/azure-app-service-fastapi

An example of deploying a machine learning model on Azure App Service.

Primary LanguageJupyter Notebook

Example of Deploying a FastAPI App using Azure App Service

An example of how a machine learning model can be served from a REST API using Azure App Service, a PaaS for hosting web applications.

Directory Contents

  • scripts/ contains the Python scripts used in the main.py file
  • static/ contains the Jupyter notebook, the data used for our model, and the model itself
  • main.py contains the logic for our API

Instructions for Deployment

local deployment

  1. Create a Python environment for this project (e.g. python3 -m venv azure-app-service).
  2. Activate your new environment and install the dependencies listed in requirements.txt. If using PIP, run pip install from this project's root directory.
  3. Run uvicorn main:app from your projects root directory.
  4. Navigate to http://localhost:8000 from a browser.

from the Azure Portal

  1. Fork the repo to your own github account.
  2. From the Azure portal, look up "App Services" on the search bar and navigate to the service.
  3. Click "create"
  4. Fill out the first page.
    • "Runtime stack" should be "Python 3.10"
    • "Pricing plan" must be "Basic" or better for Github deployment (this is not a free pricing plan. if you don't want to incur charges, remember to delete resources).
  5. On the "Deployment" page, connect to the forked repository on your Github account.
  6. Create the app service.
  7. Once created, go to the resource and navigate to the "Configuration" setting.
  8. Under the "General Settings" tab, copy and paste gunicorn main:app --workers 4 --worker-class uvicorn.workers.UvicornWorker --bind 0.0.0.0:8000 into startup command.
  9. Go back to the "Overview" section and restart the App Service.
  10. Go to the "Overview" tab and click on the link under Default domain.

Use of API

Making a GET request to your Default domain or navigtaing to it from the browser should return the page seen in the image above.

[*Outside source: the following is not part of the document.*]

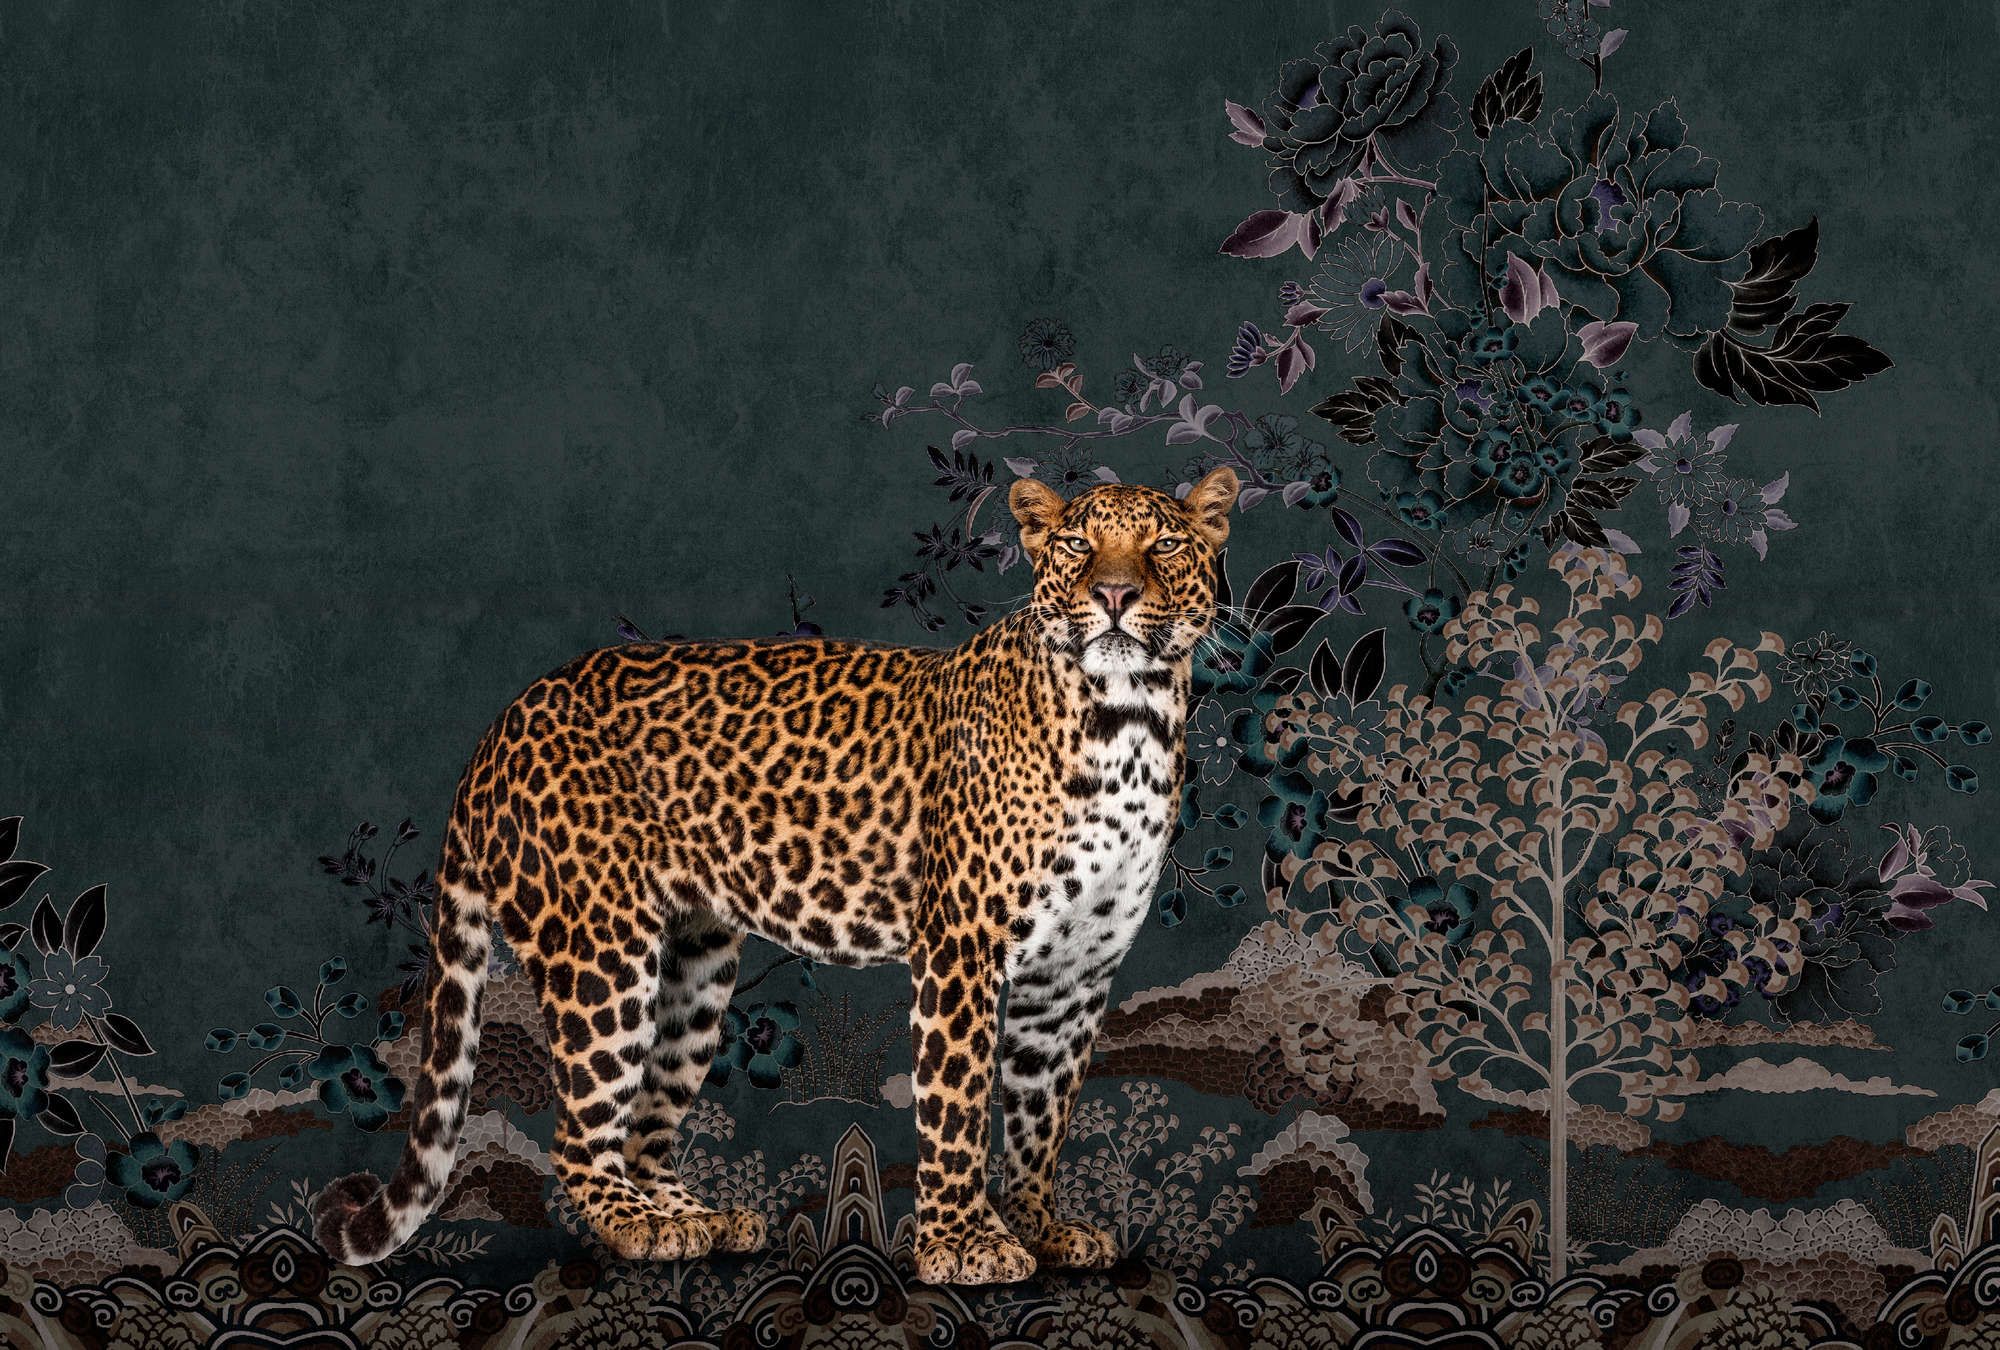             Digital behang »rani« - Abstract jungle-motief met luipaard - Gladde, licht parelmoerglanzende vliesstof

A POST request to {your_default_domain}/predict?color={some_color}&shape={some_shape} makes use of our ML model, and returns a response with our target variable happiness_score.

Troubleshooting

  • If you get a 429 error, try recreating the App Service in a different region.
  • You should not have to specify a port. It takes a while for the app to deploy so give it 5-10 mins.